この状況をひっくり返して見ているのが未だ政界仕掛人たらんとする小沢一郎氏だ。与党313議席、野党130議席で自公の大勝利に終わった2017年10月の衆議院選挙。この選挙は幻の「小池新党」に踊らされて民主党が分裂、野党にとっては最悪の条件で行われた選挙だった。

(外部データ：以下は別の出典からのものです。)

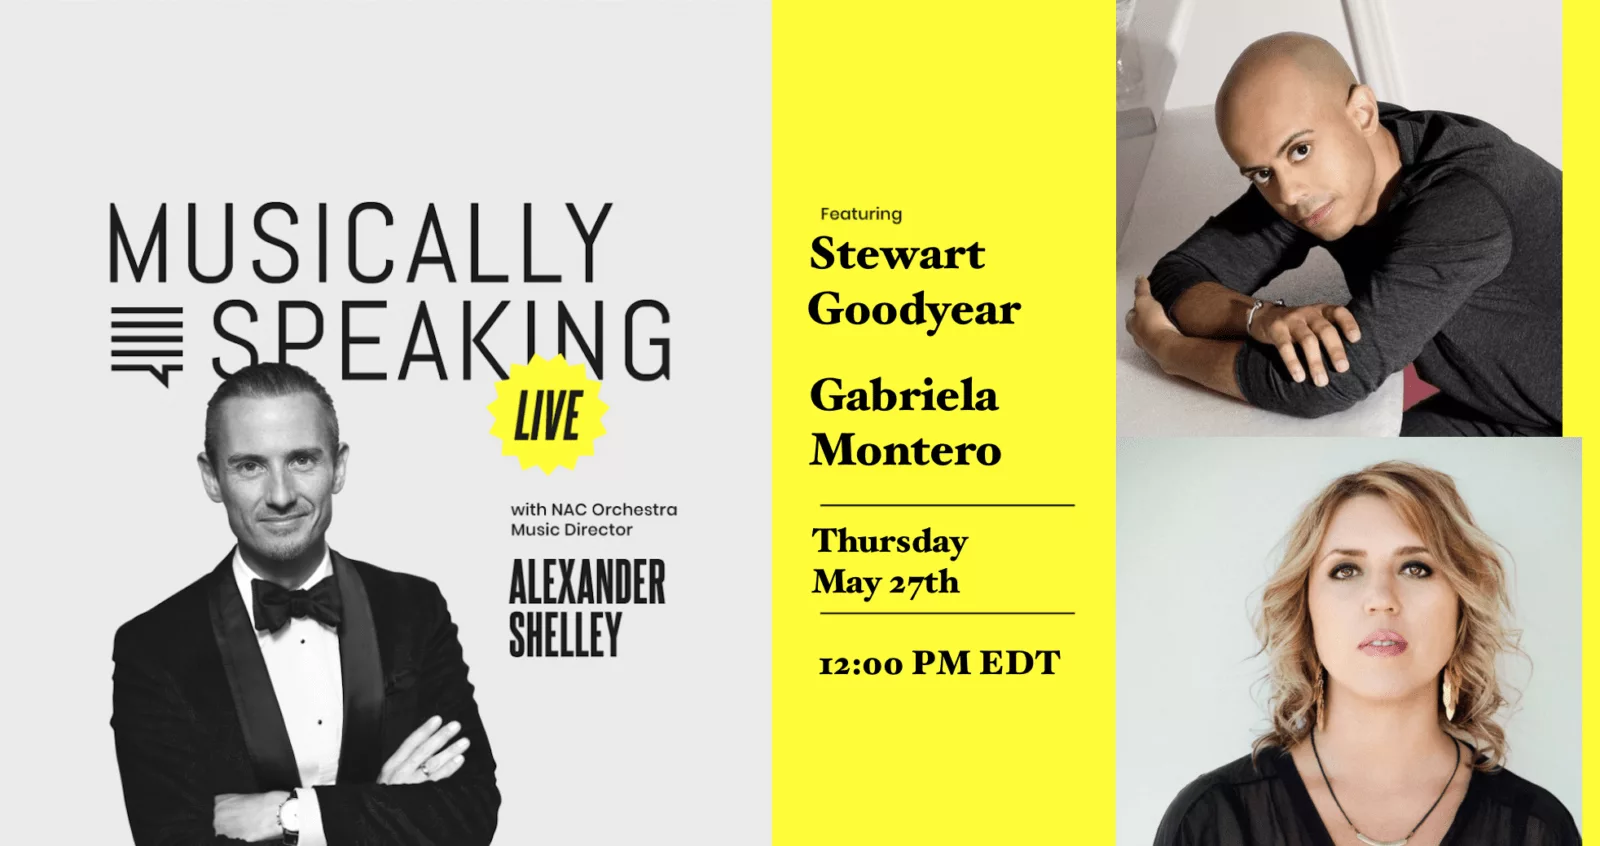 Musically Speaking: Join Alexander Shelley as he chats with Gabriela Montero and Stewart Goodyear about how a composer-performer uses an adaptive mindset in their work.

しかし、比例区の票を見ると自民1855万票に対し、立憲民主党は、その6割近い1108万票を取っている。さらに2012年以降の国政選挙での自公の絶対得票率(全有権者に占める得票比率)は、20パーセントに過ぎない。19年参議院選挙では、18.9パーセントで2割も切った。「一強の裏側には顧みられない消極的な“NO”の声が積みあがる」(日経1月12日)との指摘は鋭い。

だからこそ小沢氏は、全野党が「安倍政権打倒で結束すれば政権交代は確実なのに何故、踏み切らないのか」と地団駄踏むわけだ。しかし、通常国会冒頭解散の可能性が消えた瞬間、春の雪のように消えてしまった野党結集論議とはなんとはかないものか。

是枝監督のインタビューに戻れば彼は、こんな風にも言う。「“4割”に対する想像力を涵養(かんよう)するのが映画、小説じゃないかな」。

いや是枝さん、政治の仕事です。